You don’t need to use nappy cream all the time if your little one doesn’t suffer from nappy rash. However, you might find it useful to keep a supply in your bag in case of a flair up, which can happen surprisingly quickly. If your baby has sensitive skin or eczema then you might find that some nappy creams can actually make the rash worse. As a mother to a child with severe eczema and sensitive skin, I swear by Metanium, which was recommended to me by a GP.
Hand Cleansing Gel
Sometimes soap isn’t always available, so a small bottle of hand gel, like that you find in many hospitals, is a useful addition to the changing bag. Thankfully, you can now get moisturising versions to combat the skin drying effects of the alcohol that is used to kill off the bacteria, such as this from Carex.
It doesn’t happen often in the UK, but occasionally the sun makes an appearance and your baby will need protection for their delicate skin against the sun’s rays. Look for one that has a very high SPF rating (30 or above), which protects against UVB rays. You also need to look for the UVA rating, as some sun creams with a high SPF rating do not necessarily protect you against UVA rays, which are also harmful. UVA protection is rated by stars between 0 – 5 with five being very high, and this is often found on the back of the bottle.
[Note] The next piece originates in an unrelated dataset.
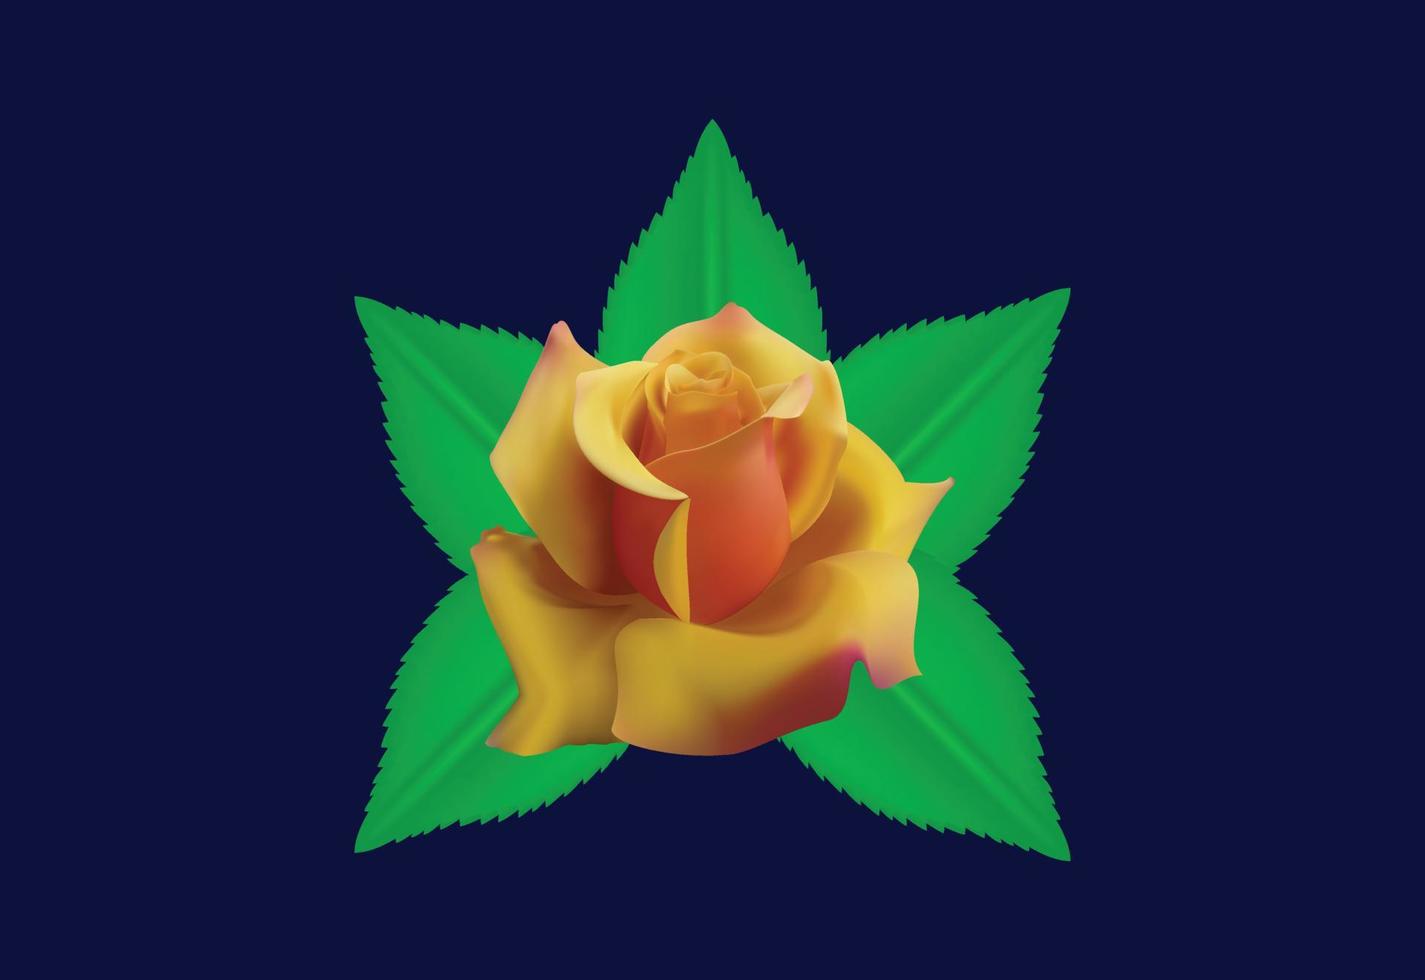 Realistic rose with green leaves vector illustration

You could also throw in a sun hat, although good luck with trying to get your baby to keep it on!
Food For Baby
Once you have started weaning your baby, you will probably want to pack something for your little one to eat, especially if you are out over lunch or all day. You can either choose one of the pre-made jars or squeezy pouches of baby food or if you prefer you can take along your own homemade food. There are some great products out there that allow you to wean on the go, like this set from Brother Max, which has a compartment to store a spoon, handles designed to allow your baby to hold the bowls, and the option to take separate bowls of food.
Once your baby is weaned, they may want additional water on top of their breast milk or formula, so a non-spill sippy cup is a handy addition to your changing bag and you can top it up with water throughout the day.
Food For You
If you are breastfeeding then you will need extra calories and fluids in order to help you produce milk, so you could pack a drink and a snack for yourself in case you find yourself with hunger and thirst pangs and nowhere to get a hold of anything to eat or drink. Cereal bars last for ages and take up very little room in your bag.
Toy For Baby
Keeping a small toy in your changing bag will give you something you can use to distract your baby from tears when you are out and about. A teething toy will also help with any onset of teething pain.
If your baby has a cold, just had a vaccine, or is particularly struggling with teething pain, then liquid paracetamol can really make a difference to your baby’s comfort. Calpol, perhaps the UK’s best known brand of children’s paracetamol, have handy sachets for using when out and about that come in 5ml doses. Note that if your baby is under six months then he or she should only be given half of one of these sachets (2.5ml) and a measuring spoon is provided. Calpol should not be given to babies under 2 months old. Always check the dosage on the box before giving your baby medicine.
If your baby has a dummy, then packing a spare in your changing bag is a good idea as these are easily lost! Philips AVENT pacifiers come with a handy cover that clips onto the dummy keeping them clean whilst not in use. A dummy clip is also a great way of keeping the dummy secure.
First Aid Kit
Once your toddler becomes mobile, trips, cuts, and bumps are almost inevitable. You could put a mini first aid kit in your changing bag in case you need to clean up any cuts. We particularly like this Mr Bump First Aid Kit in a handy travel sized container complete with Mr Bump plasters and a bandage.